I think I'll just put a post on the thread for now to say that we are currently having a think    

Jayne x


----------



## Jayne (Jan 26, 2003)

The thing is also, if you charter members are concerned about donations going to assisted conception as opposed to infertility support, then what about the single ladies we have on the site who are ttc using a donor.  

We must be careful not to say that sexuality is the issue here.  If we say that all these women need to do is go sleep with a man to become pg, then that's dangerous ground, because ultimately a heterosexual woman who has no fertility problems, but whose partner has azoospermia (with sperm not even retrievable on an SSR) most likely only needs to go have sex at the right time of the month with a male who has a full healthy sperm count to conceive.  So are we saying that those heterosexual women on the site who are using donor sperm are having assisted conception or infertility support?  

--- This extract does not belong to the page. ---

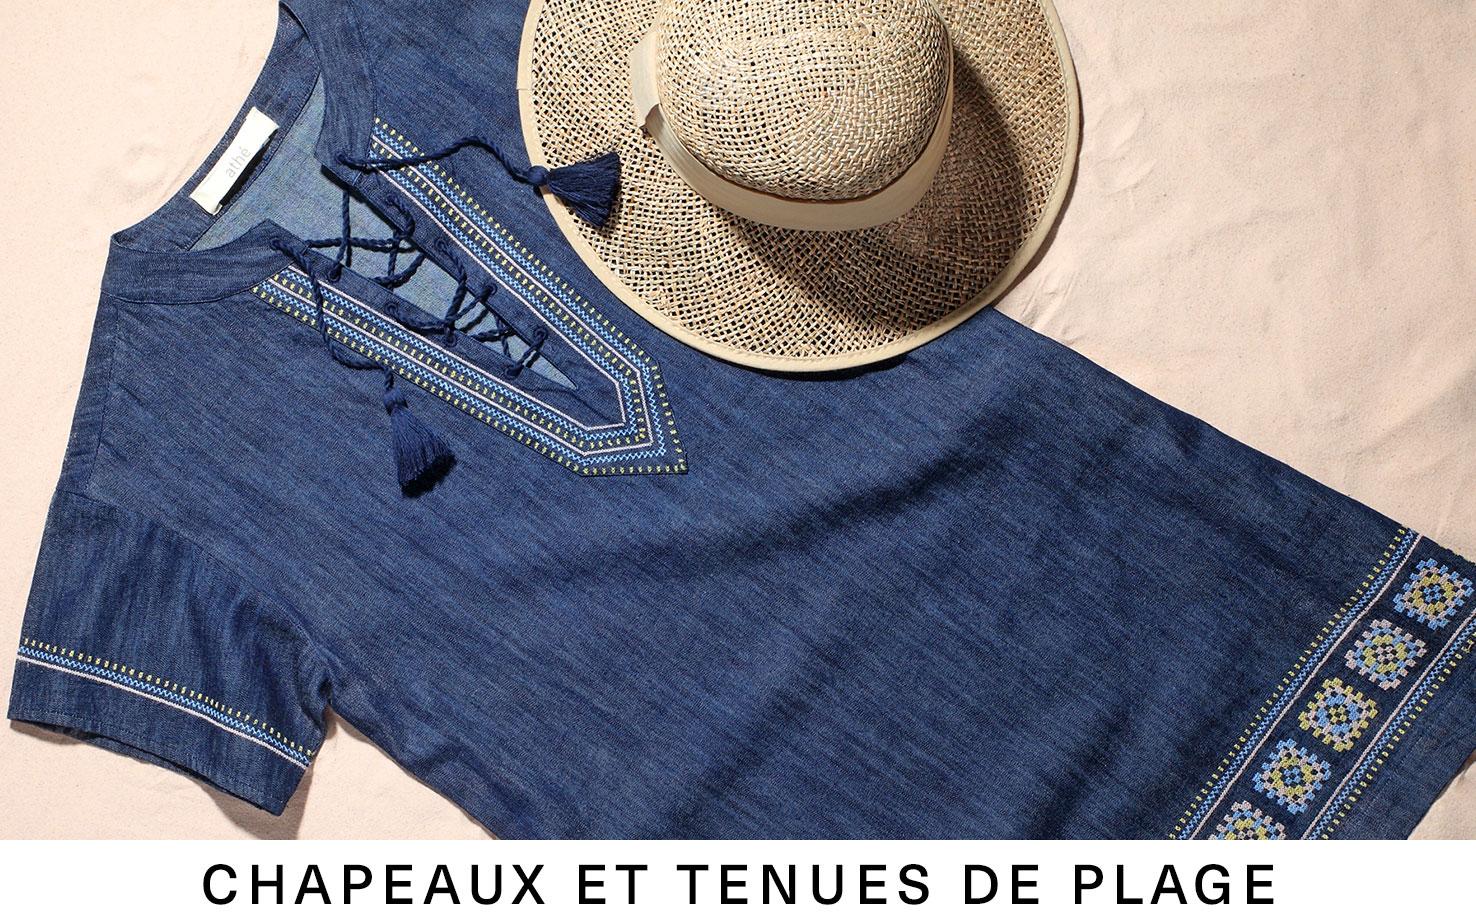 Chapeaux et tenues de plage

It's a complicated issue to be politically correct with.  Possibly one reason why I suggested initially just leaving the thread as it is for now and seeing how it goes    Easy option, but not necessarily the best.  

Obviously needs more thought and not sure there is a perfect answer, but hopefully we can get something that is a happy medium for all.  

Jayne x


----------



## Anthony Reid (Jan 1, 2002)

Any further thoughts on this?

Tony,
x


----------



## Jayne (Jan 26, 2003)

I honestly don't know what to suggest for the best on this one, but I think it is a question we will be asked again soon, and we need to have some sort of answer.  

I don't see the harm in creating a lesbian/gay board.  I don't think it would become over run, but if it did, then it's a separate board anyway, and people can choose not to read it if they don't like it.  

Personally though, I don't think there's a need for this at the moment.  Not really sure why they need to be more visible anyway.  I don't feel their need is any greater than anyone elses, and surely anyone visiting the site who is lesbian and using donor sperm would find the thread now easily enough.  It wasn't so easy to find something a while ago as it wasn't there, but new members will see it now.  

Maybe I could just reply to Mabel's IM and say that we feel the thread is now visible on the donor board and that members will see it when they come to the site as they would naturally be drawn to the donor thread, and for the time being feel that the thread sits well within the donor board so will be leaving things as they are.  (Will word that a bit better though if we decide to go with that).  

Jayne x


----------